Beck et al. (2004) looked at the association among stock markets, depositories and economic development by executing OLS and GMMevaluation for dynamic panels of 40 nations with 146 observations for the era of 1976-1998. Stock markets as well as depositories have constructive dominance on economic expansion. La Porta and Lopez (2002) applied the scale of communal sector possession of depositories in the vicinity of  globe as a different financial sector appraisal and they determine that a significant amount of common wealth possession is unconstructively connected with financial organization expansion and economic progress. Arestis and Demetriades (2001) implemented the time series investigation for five metropolitan economies for the era of 1972 to 1998 and established that the consequences of the depository-based financial strategies are more dominant than the capital-market-based counterparts in propping up long-term growth. Ghali (1999) investigated for the nation studies; the query about whether finance contributes to financially viable escalation in Tunisia. The manuscript has employed two gauges of financial development, the share of reservoir installment accountabilities to gross domestic production and the proportion of depository states in the non public sectors to nominal GDP. The vigorous association between finance as well as growth has been scrutinized by employing the Granger-causalityanalysis and the outcomes specify the existence of a lasting steady association linking sfinancial developmentand per capita real productivity where the inductment  runs from financeto growth.

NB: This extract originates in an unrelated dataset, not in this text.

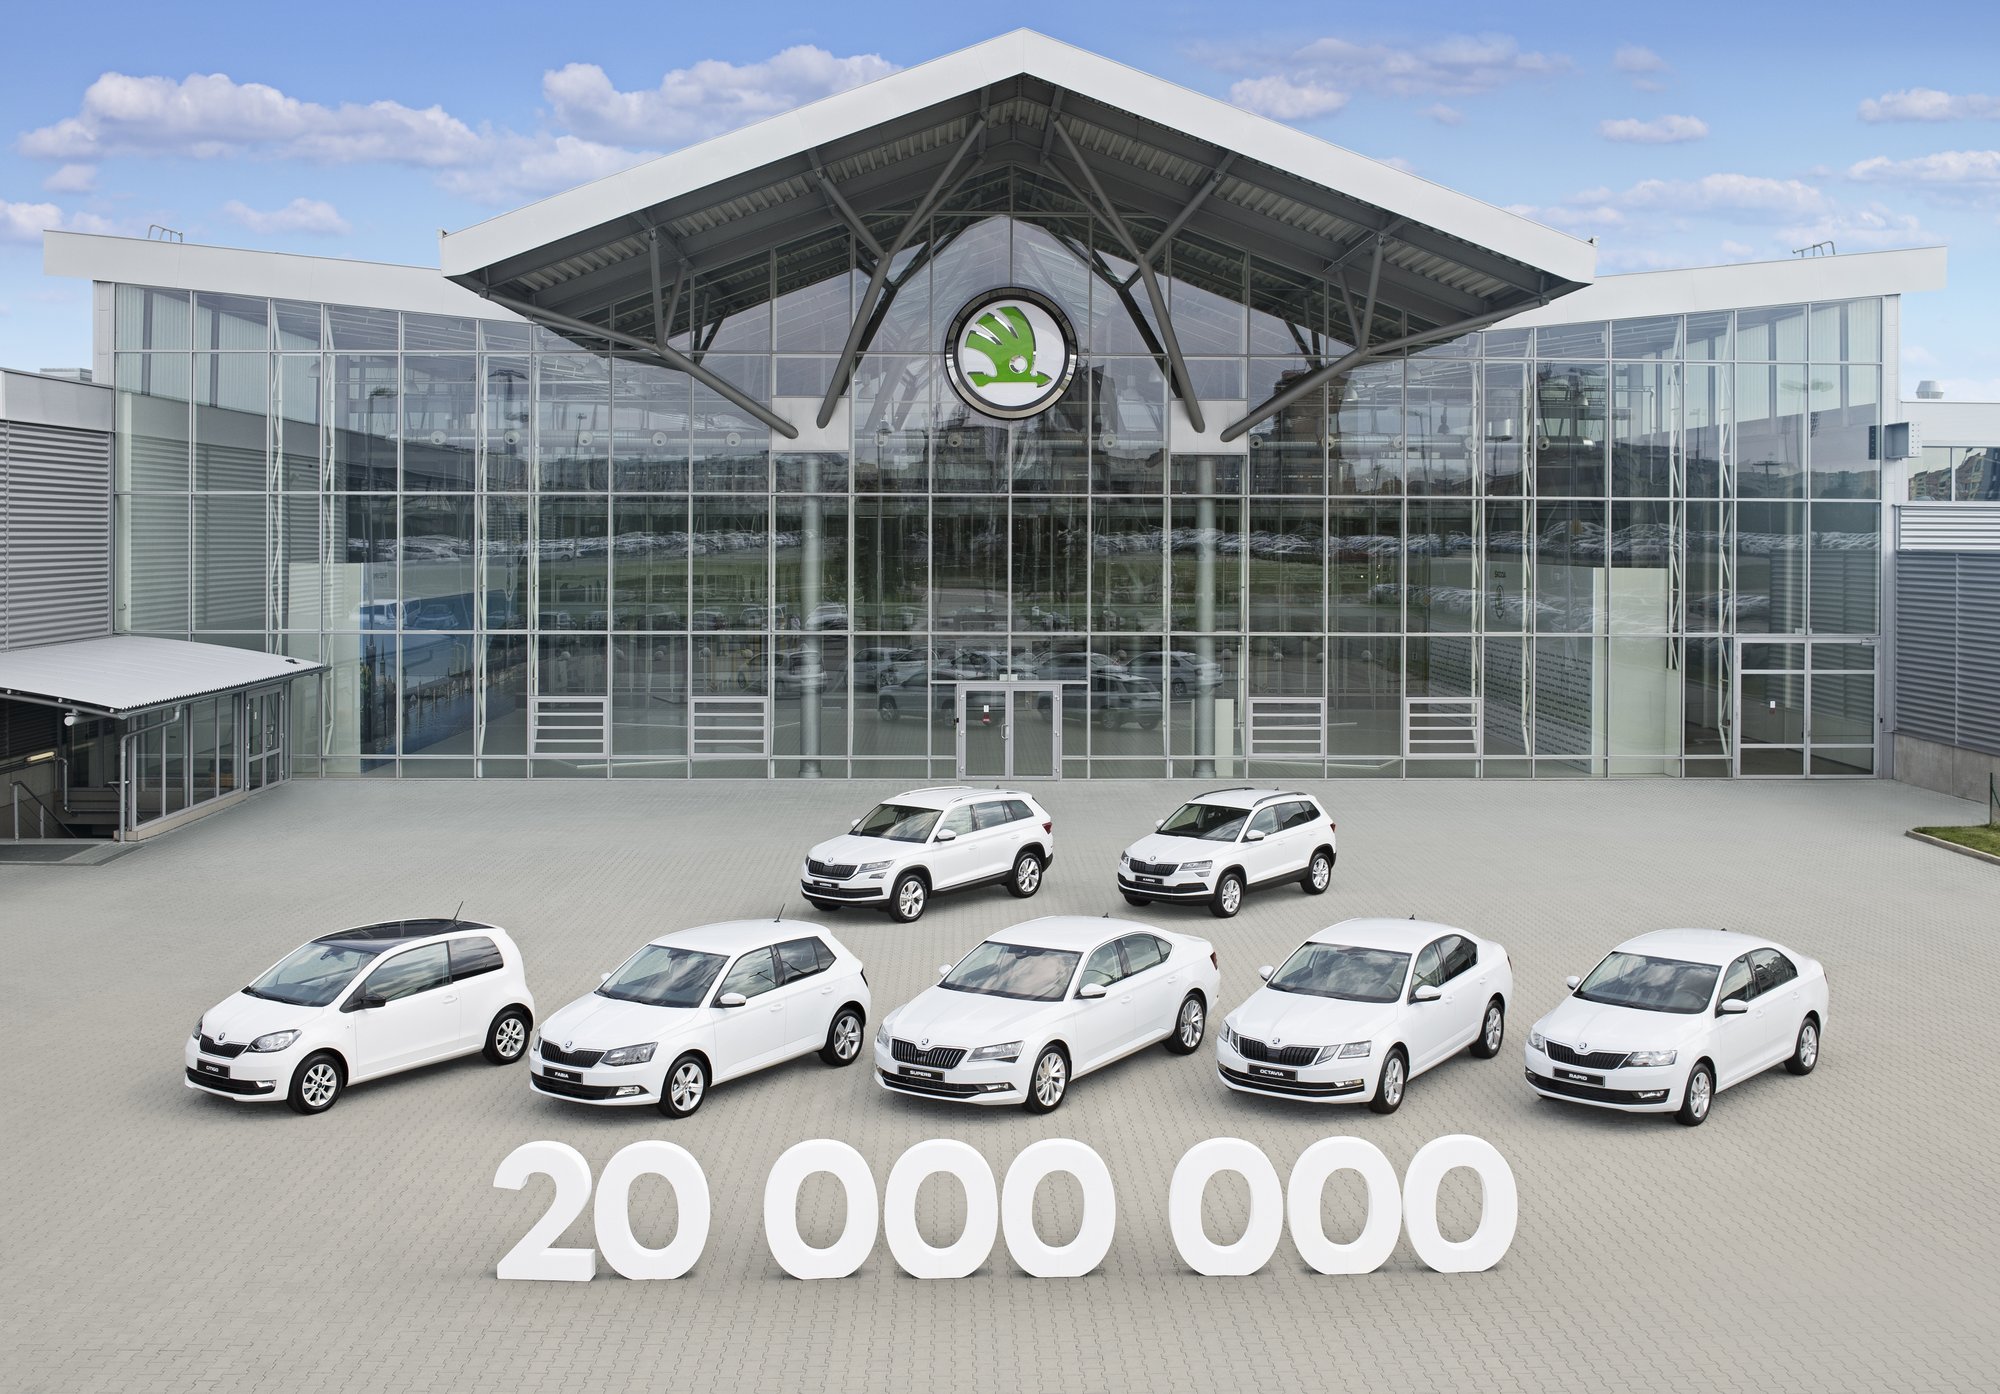 Automobilka Škoda Auto oslavuje významné jubileum, na kontě už má 20 000 000 vyrobených automobilů

Gill (2012) squabbled that the economic and business relationship of Emerging Europe state has been assimilated not only to the Western European economies but to the remaining economies of the world. The financial states in transition era were left with a human capital stock in need of the innovative intelligence and proficiencies. Thus, revealed the necessity to reorganize the industrial sector and to re-establish many organizations that do not prevail in the centrally planned economies or were non-efficient. Demetriades and Luintel (1996) used panel data for 44 nations from 1986-1993 and found that progress of the stock market had an affirmative outcome on economic development. Bloch and Tang (2003) used time series investigation from 1960-1990 for 75 nations and established that the rejection occurred between the momentous relationship of economic growth and development of financial sector. Jeanneney et al. (2006) utilized the information of China from 1993-2001 by depleting the technique of Generalized Method of Moments (GMM) and established that the improvement of financial sector influenced efficiency proliferation optimistically. Backé et al. (2007) manipulated Panel co-integration for Central and Eastern Europe states from 1993-2006 and originated that development of financialsector influence economic growth constructively. Caporale et al. (2009) used data of Bulgaria, Czech. Rep., Estonia, Hungary, Latvia, Lithuania, Poland, Romania, Slovakia, Slovenia from 1994-2007 and originate that depository sector boosted economic growth, but stock markets had comparatively minute influence on economic growth. On the further dispense, there prevailed one way causation from expansion of the financial stratum for economic growth.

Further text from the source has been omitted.